The principal "smear" leveled against John F. Kennedy when he was running for president was that, as a Catholic, he would take instruction from the Pope. Just as Republican presidential hopeful Mitt Romney told voters earlier this year that he would make decisions independent of the Mormon leadership in Salt Lake City, Democratic hopeful John F. Kennedy told voters in 1960 that the Vatican would have no say in what went on in a Kennedy White House.
John and Robert Kennedy, 1963
SIRS Decades
In a statement that appeared to leave him no wiggle room, Kennedy had this to say on the topic:
There is only one legitimate question underlying all the rest: would you, as President of the United States, be responsive in any way to ecclesiastical pressures or obligations of any kind that might in any fashion influence or interfere with your conduct of that office in the national interest? I have answered that question many times. My answer was--and is--"NO."
In discounting concerns of inappropriate papal influence, Kennedy was responding to attacks like the one contained in this pamphlet by "Protestants and Other Americans United for Separation of Church and State" (AU for short). In attempting to create unease at the prospect of a Catholic president, AU alleged that Catholic leaders routinely used doubletalk to "distort . . . the meaning of the Constitution while still claiming to accept it."
Among the pamphlet's other incendiary claims were that, in Catholic thought,
- the "wall of separation" between church and state was "only a metaphor [or] figure of speech";
- the First Amendment "was not intended to . . . impose government neutrality between believers and disbelievers" or even to "guarantee freedom of nonbelief";
- and the Constitution neither prohibited the "expenditure for religious purposes of funds raised by federal taxes" nor barred the "preferential treatment of a particular religion."
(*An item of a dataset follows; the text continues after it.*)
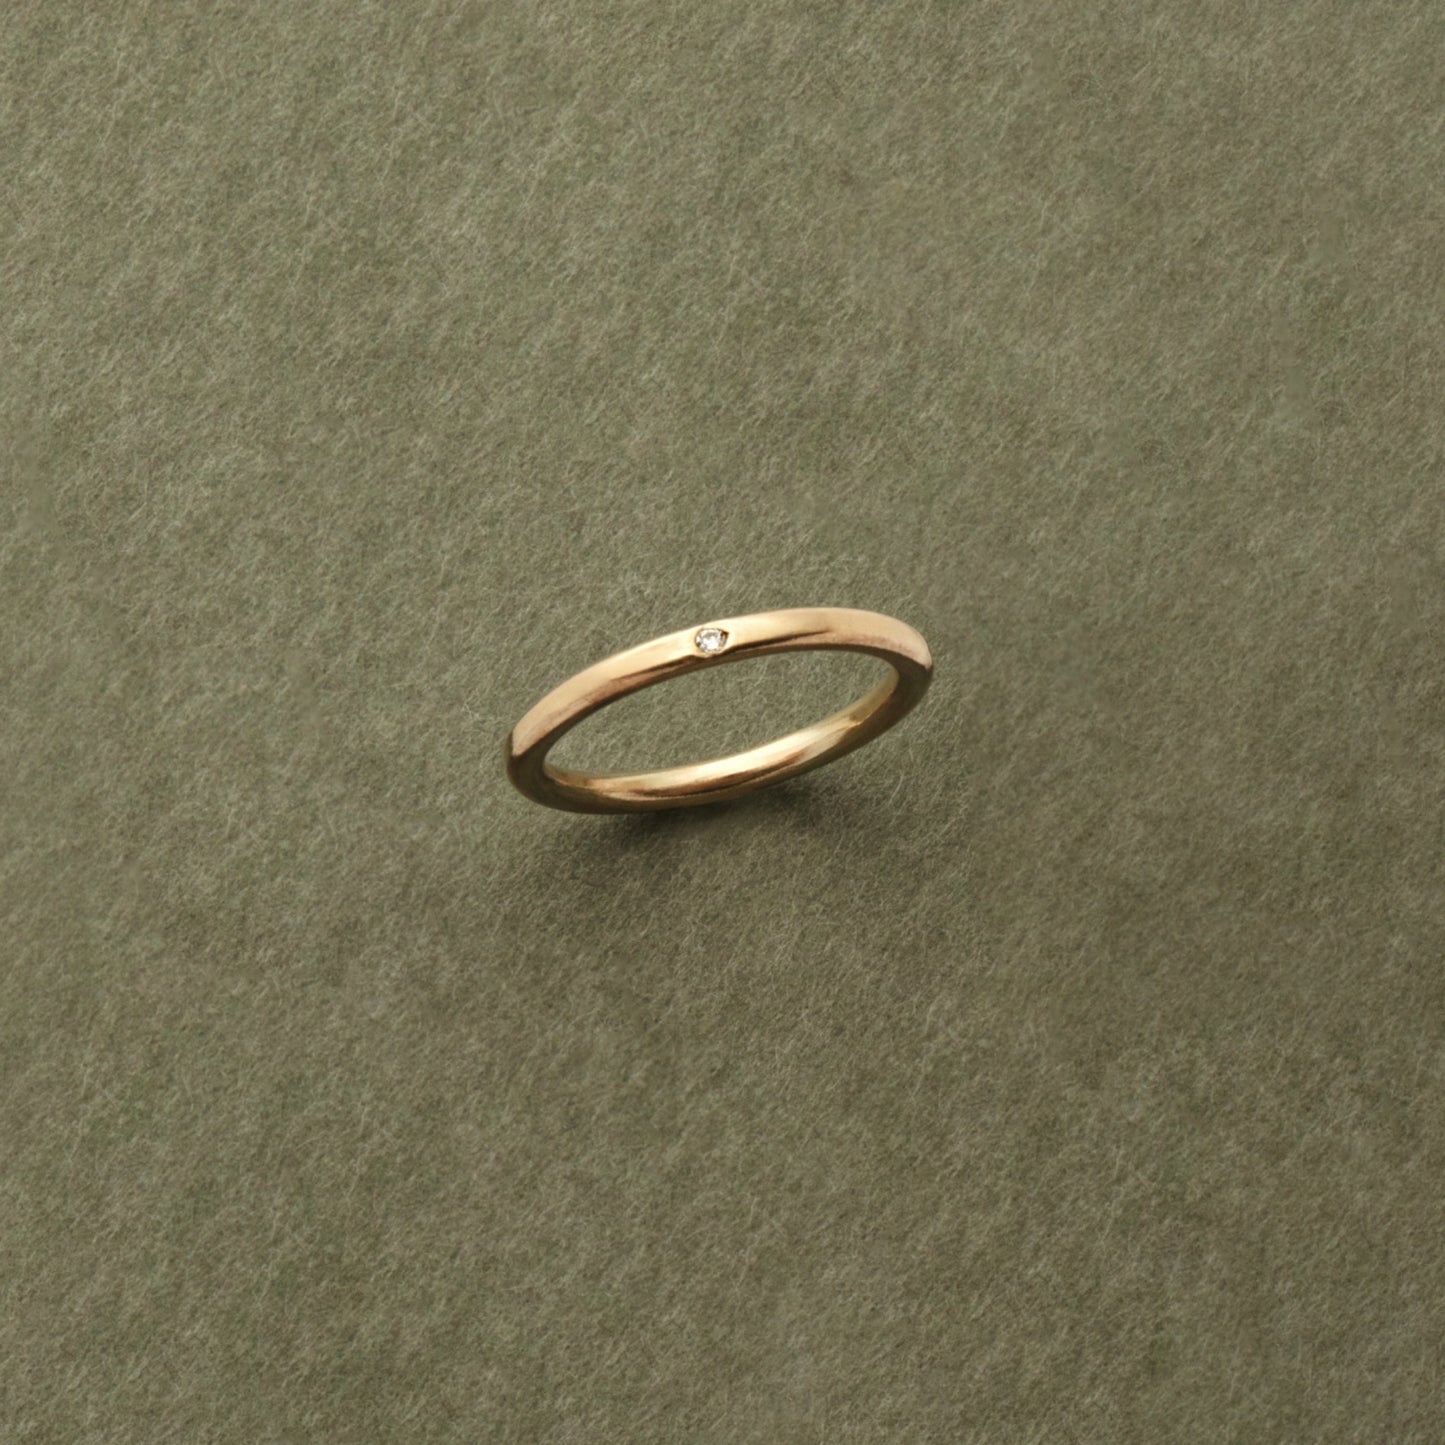 9kt Gold Single Diamond Ring
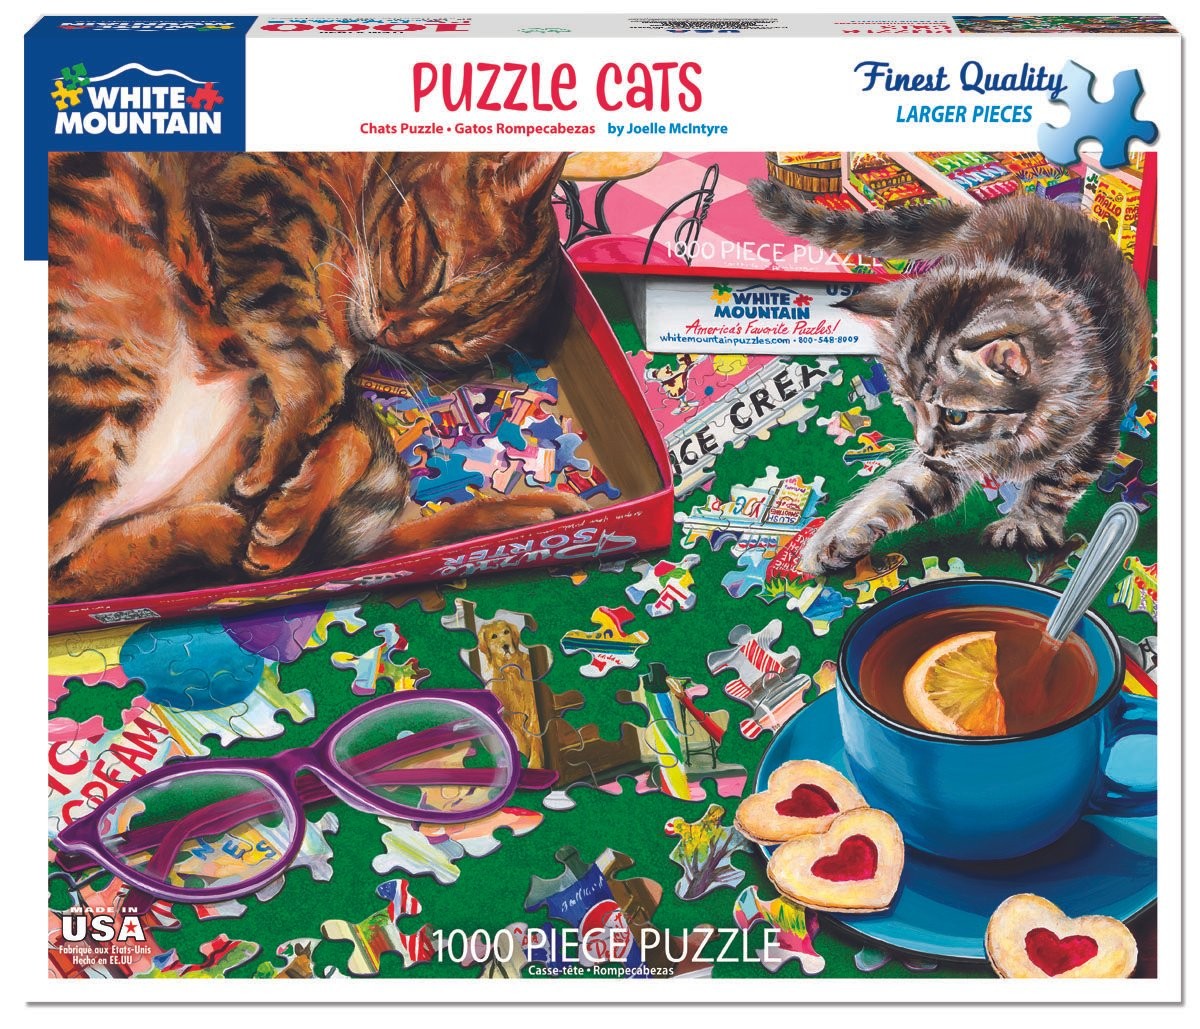 Puzzle Cats 1000 Piece Jigsaw Puzzle

The AU pamphlet--the key tenets of which Kennedy appeared to respond to in the passage quoted above--was actually released a few weeks after the Massachusetts senator's famous "Religious Issue in American Politics" speech.
Activity
Given this chronology, to what extent does the pamphlet reflect reasonable concerns about a Catholic occupying the Oval Office, and to what extent is it a cynical appeal to the bigotry of anti-Catholic voters?
Answer this question in 500 words, making specific references to both the AU pamphlet and the Kennedy speech.